## WHAT IS BEING ASKED
Write out the opening lines of the data word for word, up to and including the line with "Ampe kẹp dòng", and leave every picture and every later line out.

## DATA
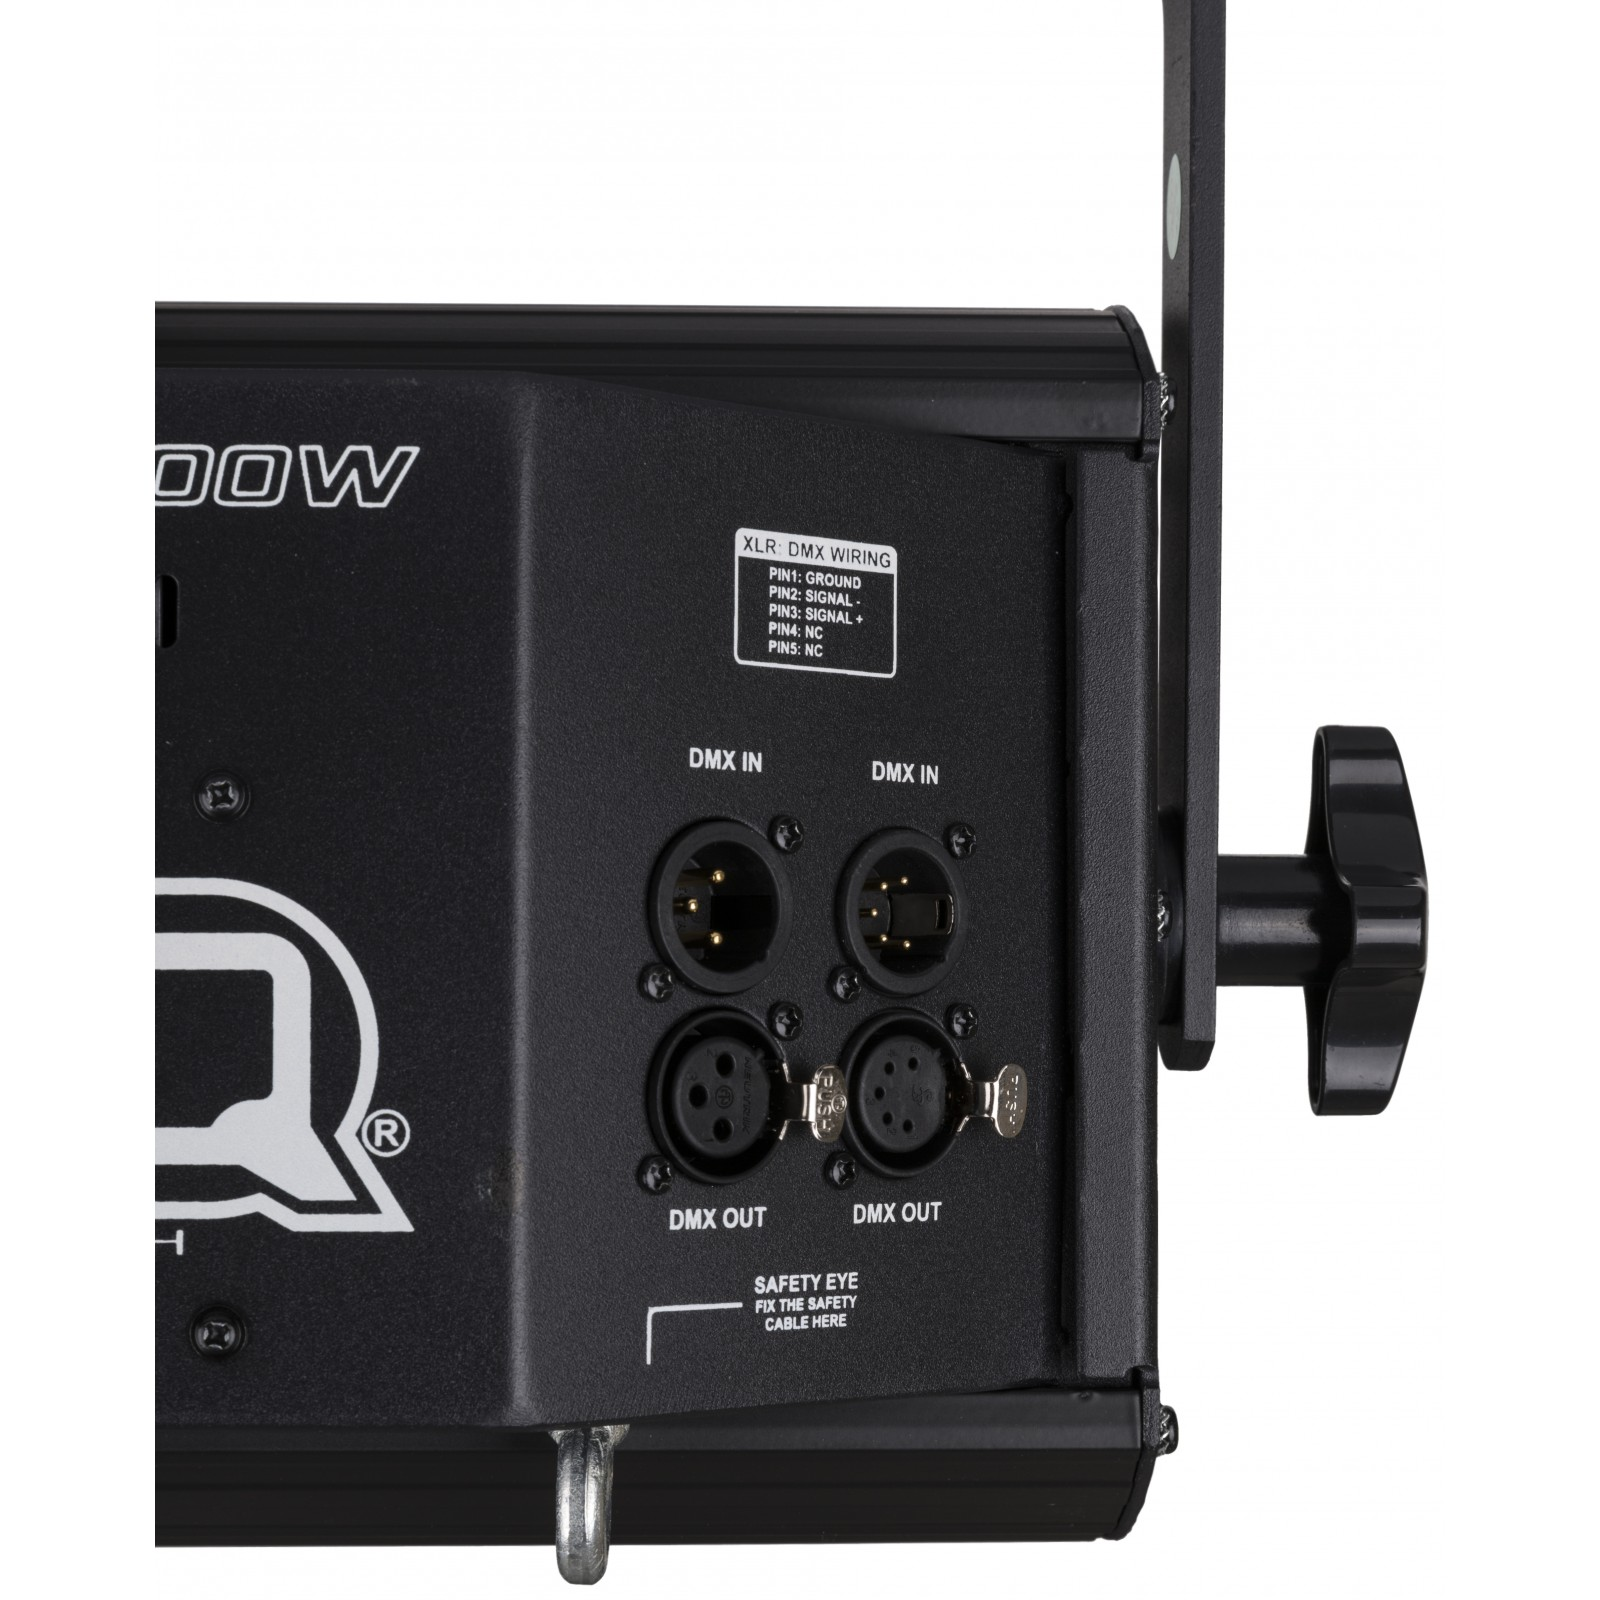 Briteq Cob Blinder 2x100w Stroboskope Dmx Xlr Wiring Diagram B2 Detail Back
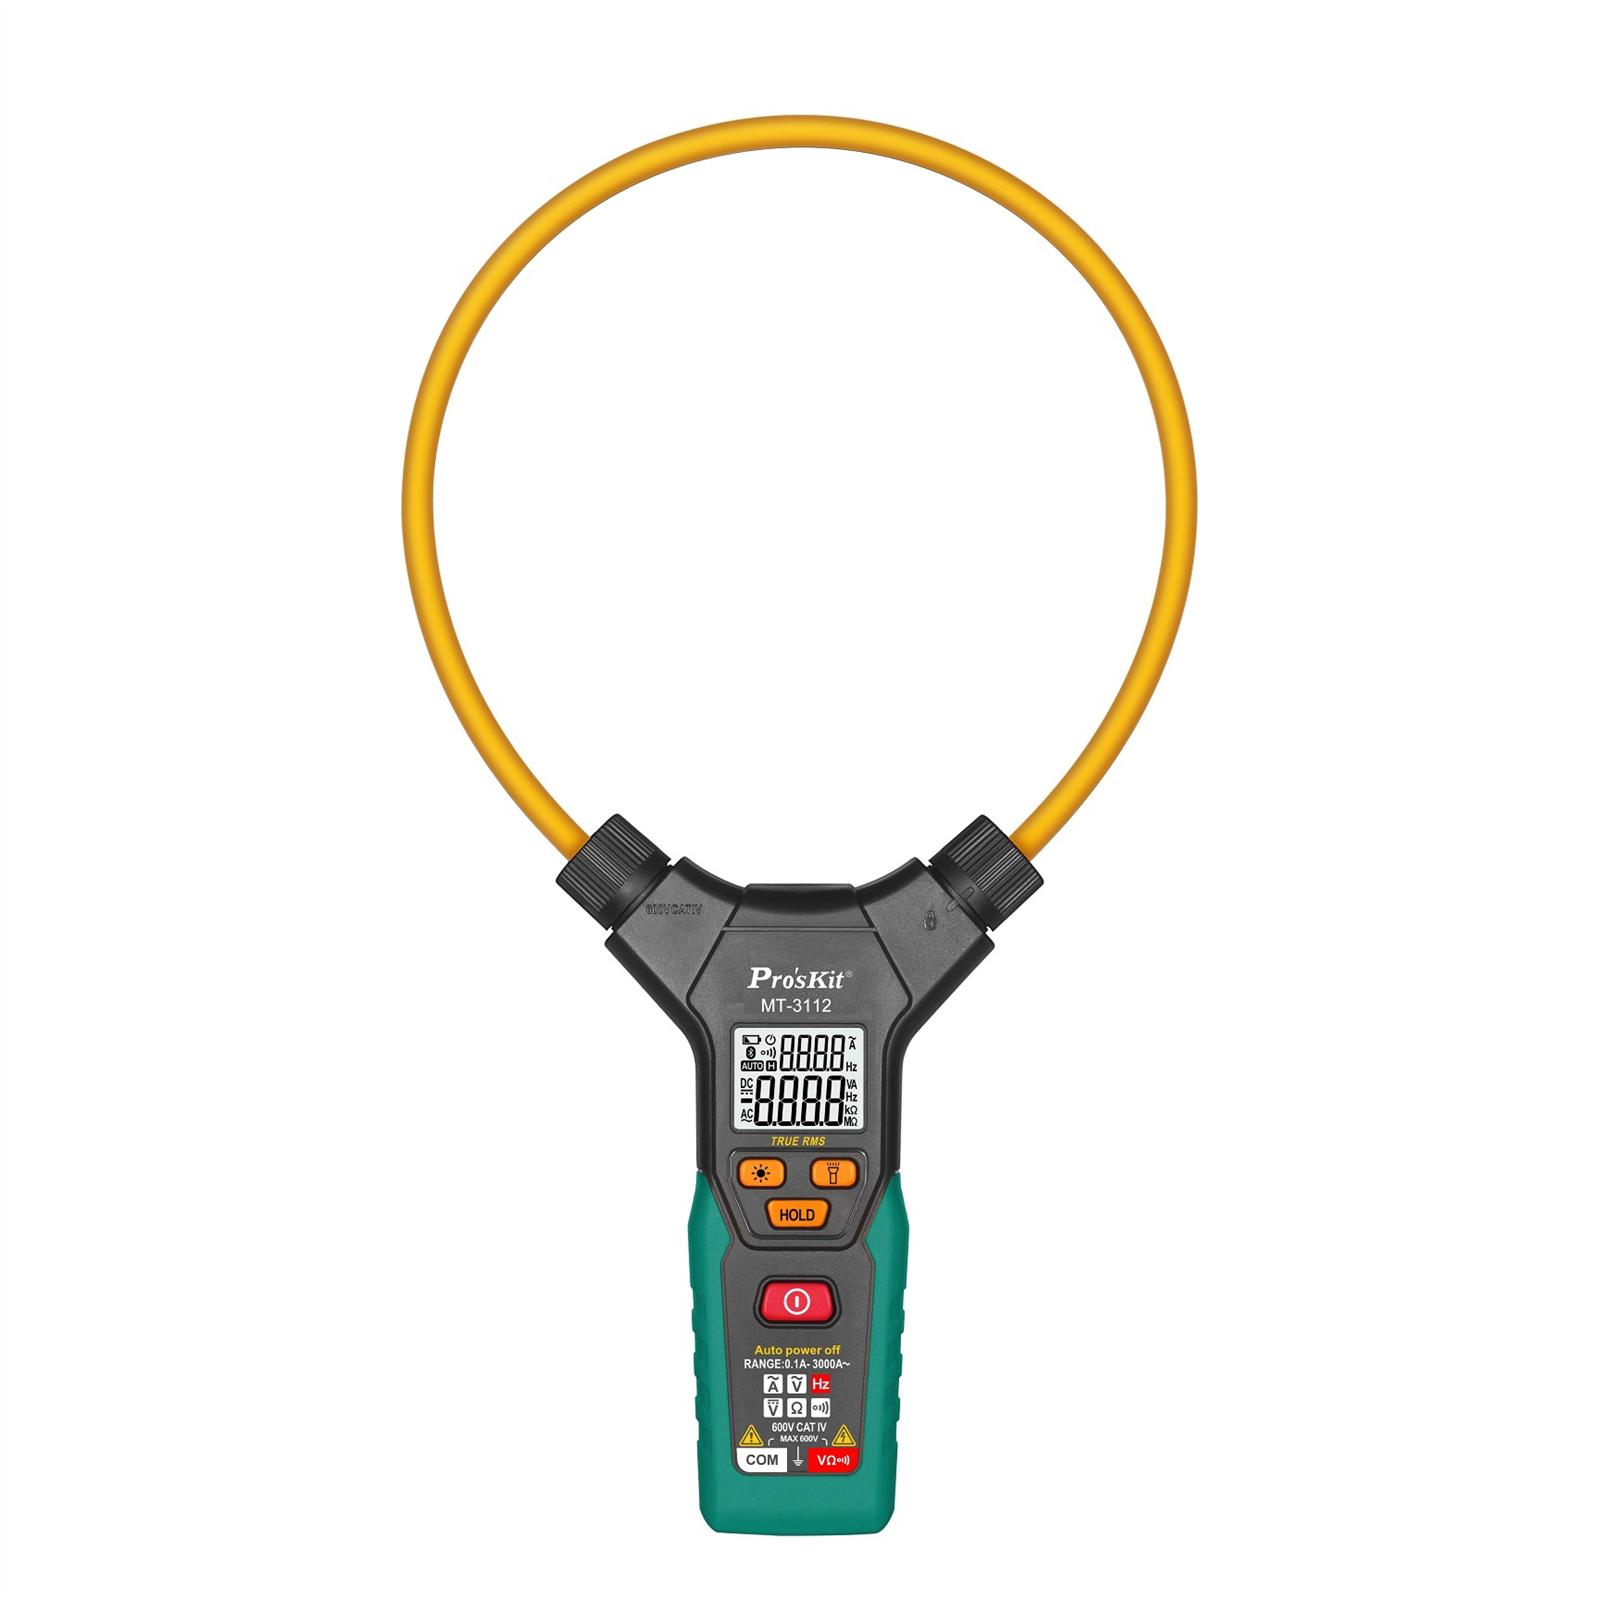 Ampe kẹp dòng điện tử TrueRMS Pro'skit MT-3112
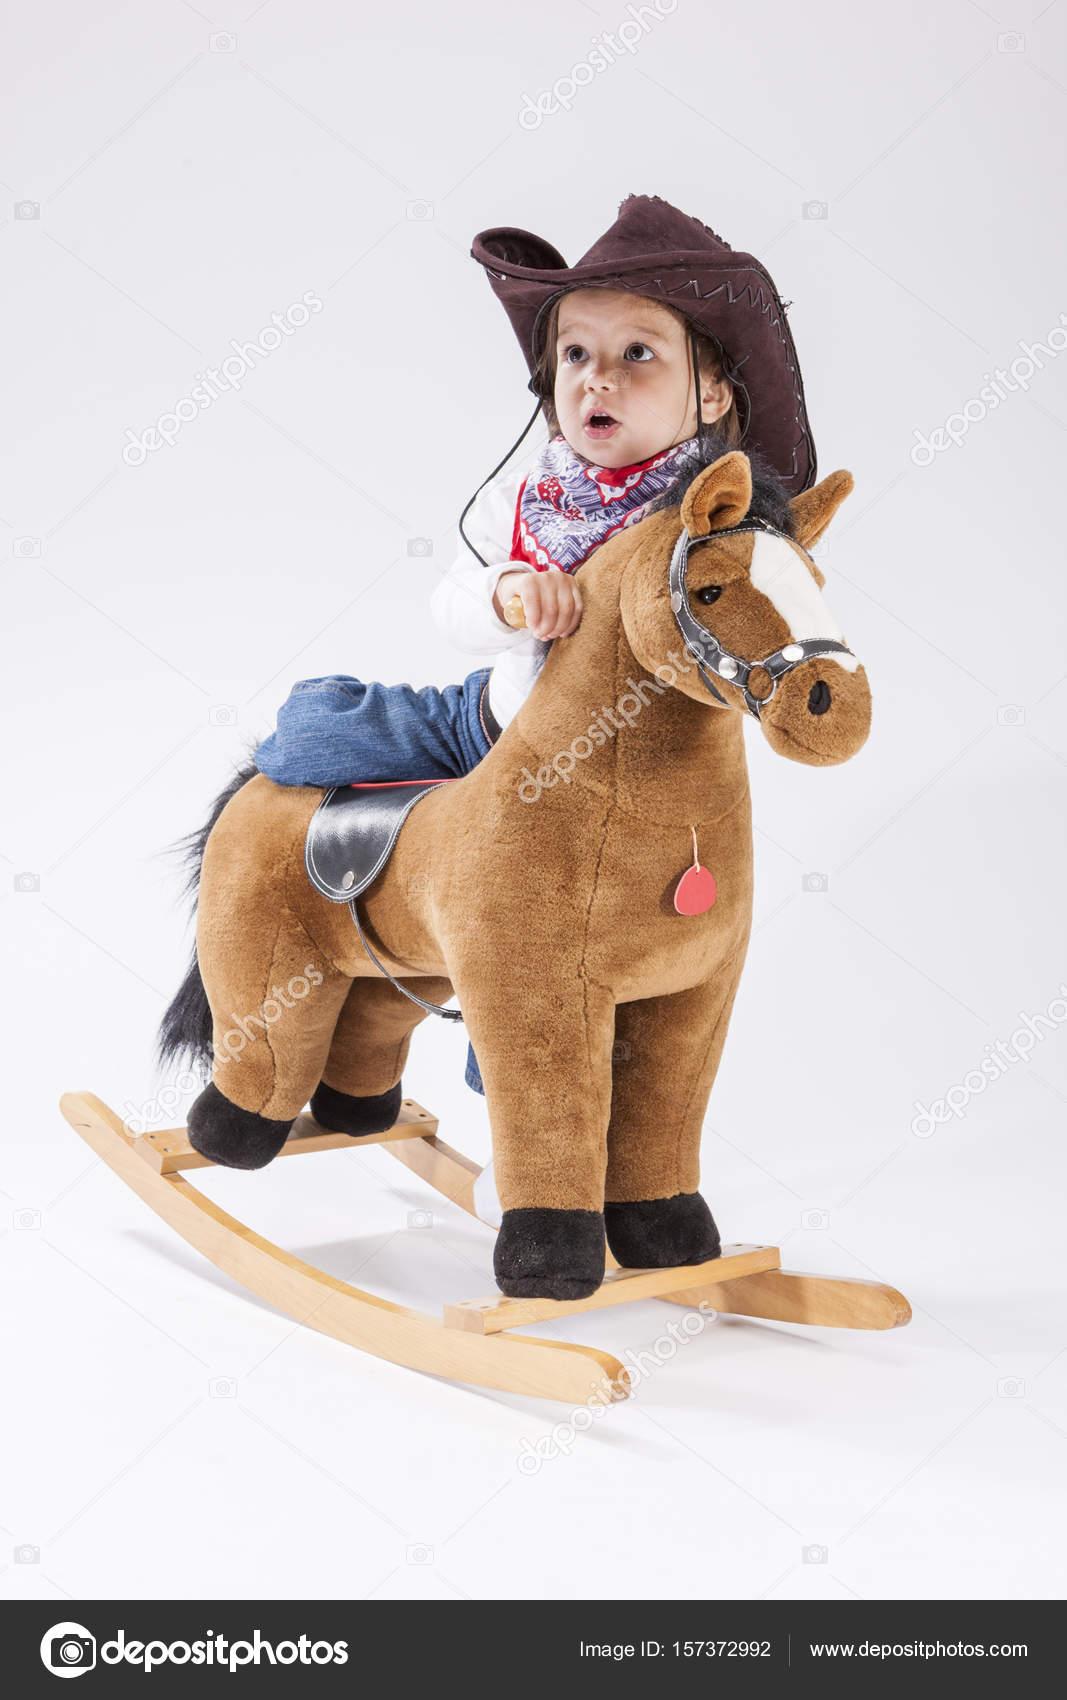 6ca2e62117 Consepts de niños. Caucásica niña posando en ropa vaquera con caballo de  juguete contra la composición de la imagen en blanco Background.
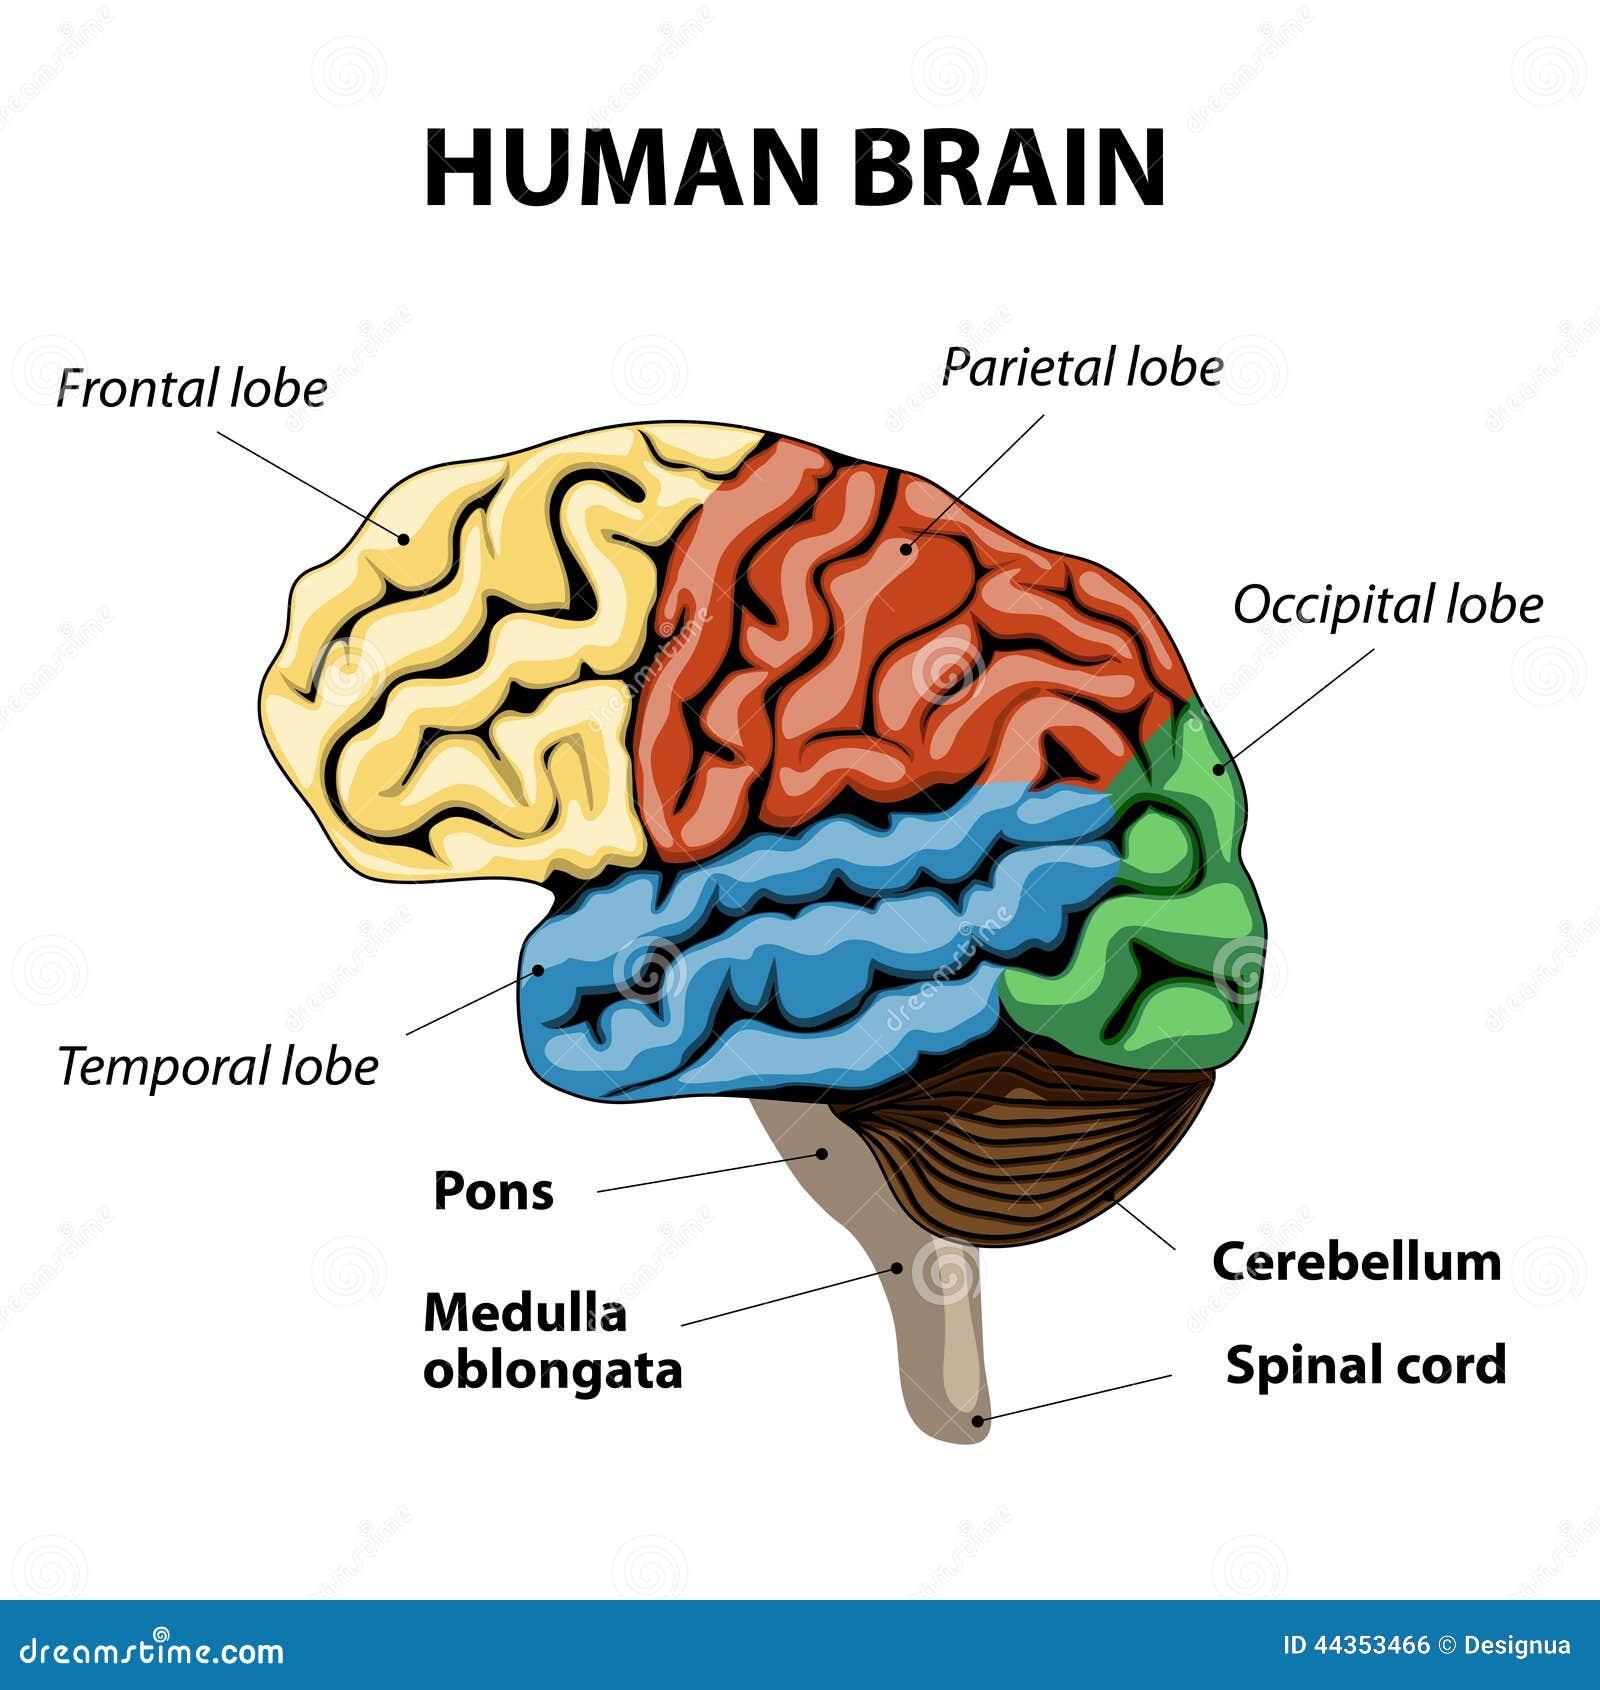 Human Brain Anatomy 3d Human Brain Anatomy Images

## WRITTEN RESPONSE
 Briteq Cob Blinder 2x100w Stroboskope Dmx Xlr Wiring Diagram B2 Detail Back
 Ampe kẹp dòng điện tử TrueRMS Pro'skit MT-3112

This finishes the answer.